洞窟內的時間失去了意義,只有卡拉斯靈性中那微小“結構”穩定運轉帶來的、如同心跳般規律的內在節奏。
他依舊沉浸在對於“星律之軌”殘片的感悟和對自身“河道”的微調打磨中,每一次細微的最佳化都帶來力量流轉效率的些微提升,這種持續的、可見的進步本身就如同最好的滋養,讓他暫時忘卻了外界的威脅和身體的痛楚。
獨眼船長的狀態也好了不少。那黑乎乎的藥膏似乎確有奇效,他腿上的潰爛得到了遏制,雖然離痊癒還遠,但至少不再惡化。
他大部分時間都在沉睡,以海盜特有的強悍生命力恢復著元氣,偶爾醒來,會用那隻獨眼複雜地打量著沉浸於修煉的卡拉斯,眼神中警惕未消,卻也多了一絲難以言喻的探究。
他沒有再打擾卡拉斯,只是默默擦拭著隨身攜帶的一柄鑲著黑曜石的鋸齒短刀,如同蟄伏的傷獸,舔舐傷口,積蓄著反擊的力量。

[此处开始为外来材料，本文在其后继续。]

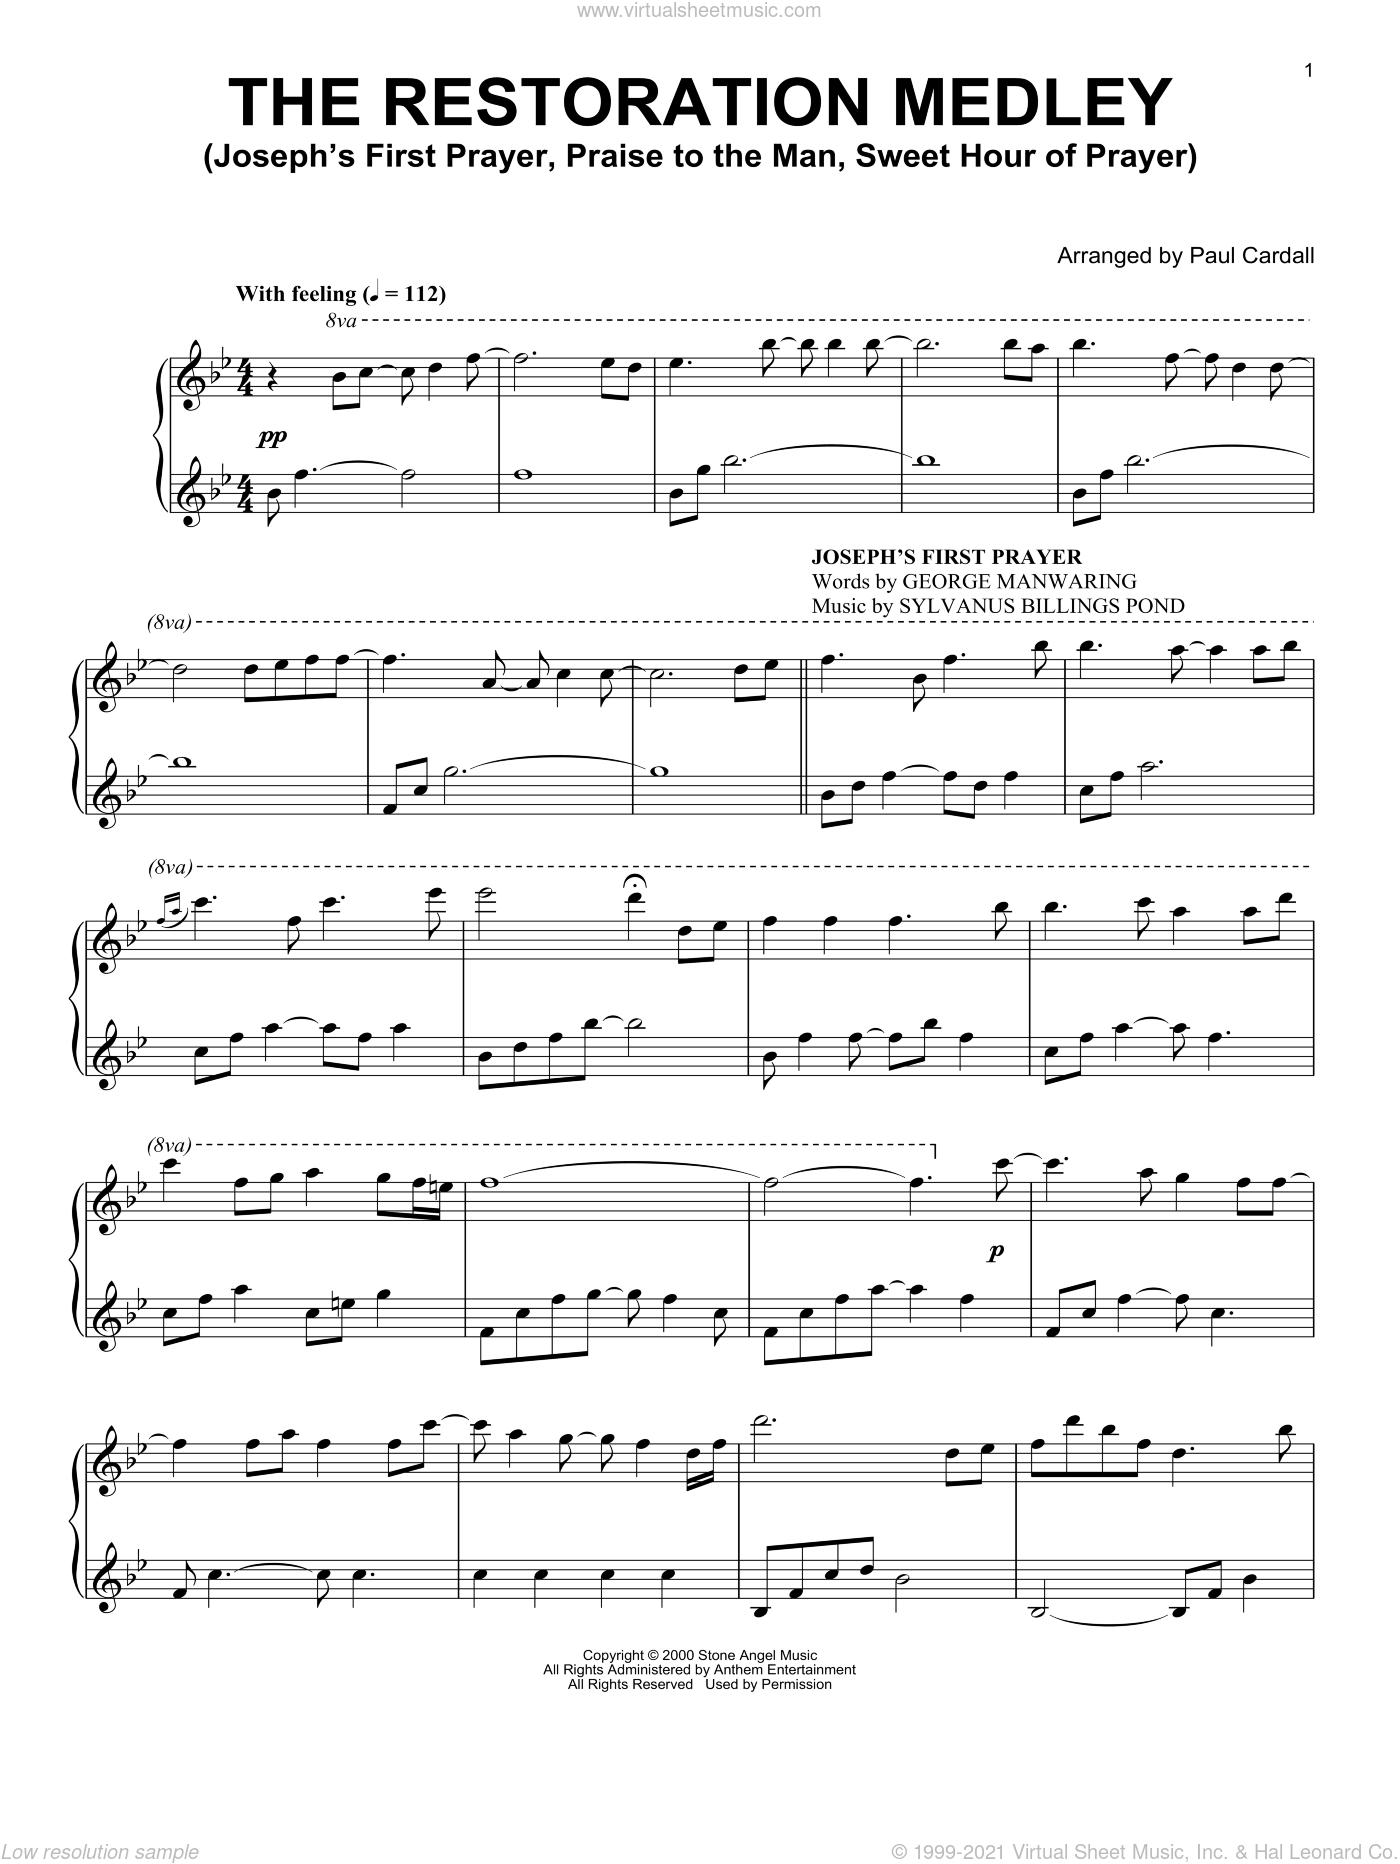 The Restoration Medley (Joseph's First Prayer, Praise To The Man, Sweet Hour Of Prayer) sheet music for piano solo by William B. Bradbury, Paul Cardall, Scottish Folk Song and Sylvanus Billings Pond, intermediate skill level

老魚骨則依舊神出鬼沒,有時會拖回一些奇形怪狀的海底植物或是礦物,在角落裡搗鼓著散發古怪氣味的藥劑;有時又會坐在那堆書冊前,翻動著以某種堅韌魚皮或古老皮革製成的卷軸,發出沙沙的聲響,對洞窟內的兩人幾乎視若無睹。
一種詭異的、脆弱的平衡在這深海遺骸巢穴中維持著。
然而,這種平衡註定無法長久。
嗚——嗡——
一聲低沉卻極具穿透力的嗡鳴,如同某種巨大海獸的悲鳴,陡然穿透了厚厚的巖壁和海水的阻隔,清晰地傳入洞窟之中!
這聲音並非自然產生,帶著明顯的鍊金造物特有的金屬震顫感,並且蘊含著某種令人心煩意亂的干擾能量,讓洞窟內幽藍的苔蘚光芒都隨之明暗不定地閃爍起來!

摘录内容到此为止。